A. I think there are several. The several would be: the rotary drill rig, the submersible pump, the pitless adapter and the captive air tank. I always did more pump work than well drilling. I drilled a lot of wells. I wonder how we got along with the old-time pumps, although they did work, and the captive air tank. This has cut down service calls tremendously. I would go with my father and he’d install a pump, and you would know — maybe a stroke-type pump or a jet pump — that you were going to hold the hand of that thing until the day it died. You would break a pump rod, or the leathers would get bad, or the packing would leak cutting the gears out — the oil in the gear box, or the belt would slip. The jet pump’s jet nozzle would plug up. A conventional tank would have to be drained. I’ve had at least one pump that ran for 32 years. It was still running when I pulled it. We pulled it because it was in a very inaccessible place, and pulling it in the winter or the spring would have been impossible, so we decided the smart thing to do was to replace it before it failed. The same way with tanks. I’ve had tanks run for years and years and never required any service. So those are things, my goodness, if you had to go back to — at least where I live and work — the old systems, I think maybe you’d retire.
Q. Readers talk a lot about the greying of the drilling industry. What can the drilling industries do to attract and retain young workers?
A. That’s and interesting and very good question, and it was discussed yesterday at a seminar I attended. This seems to be a national or international problem. It seems that we have a lot of young people who feel that what they want to do for a career is punch on a computer.
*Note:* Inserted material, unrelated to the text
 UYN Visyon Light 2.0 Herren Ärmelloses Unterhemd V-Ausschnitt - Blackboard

Now, I have nothing against computers, but the people who run them, they’ve changed our lives greatly. But there is a pride in doing things with your hands. You have to run a drill rig with your hands. You have to run a pump hoist with your hands. You have to set a pump with your hands. We have somehow got to attract young people to do this, and maybe we need more apprenticeships to give a young person — man or a woman — the opportunity to go out and work on a job. I have seen people cry when I told them, “You’ve got water. Turn on the faucet.” It meant that much to them. I don’t think the computer can tell you that. Not to put down the computer. But maybe we need some innovative programs to give people a taste of this. One of the things you hear from other contractors, and we heard yesterday from candidates for the NGWA board, is that they started as young people, oftentimes with their father or grandfather or uncle. That was what got me started. When I was 5 years old, we would get into my father’s heavily overloaded Ford pickup and he would say, “Well, John, we’re on our way again.” And those were the greatest days of my life. We had our lunch pails and our work clothes and off we went. Really, there was nothing I ever wanted to do besides drill a well or set a pump.
Q. What advice do you have for a young person considering the drilling trades?
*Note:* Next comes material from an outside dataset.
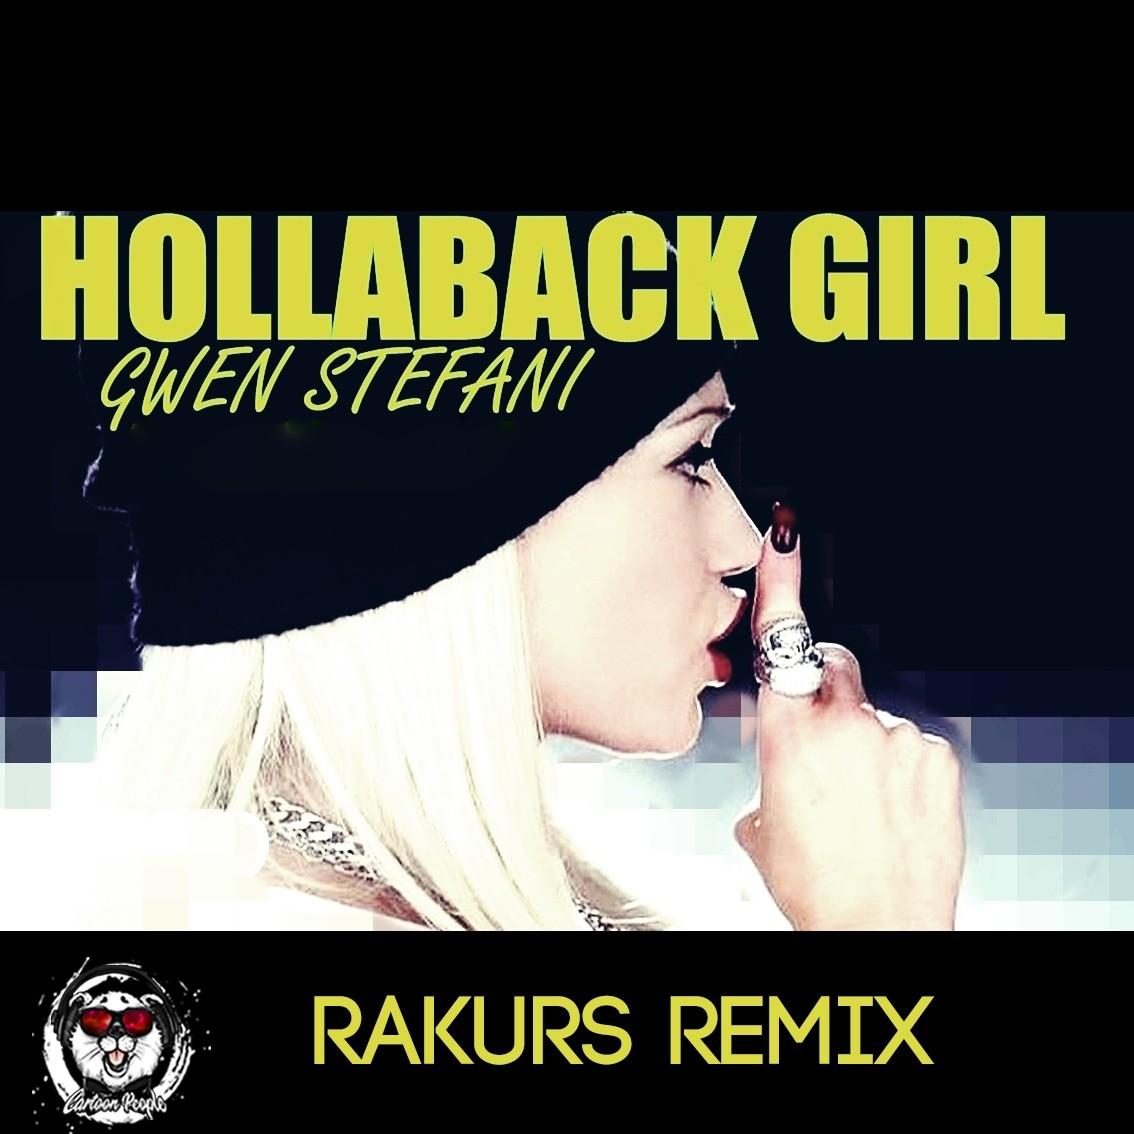 Gwen stefani hollaback girl gif on gifer by beanis.

A. Give it a shot. Get into it. Learn as much as you can. There’s all kinds of printed material you can read. Some of it is online, some of it is on the old-fashioned page. Learn what you’re doing and work hard at it, but take some time to sit back and enjoy life a little bit. … It’s fine to work hard. That’s a very good thing. But now and then you need to sit back and relax, whether it be going fishing or playing a round of golf or maybe bowling or whatever. There are hundreds of activities. Just relax and back away.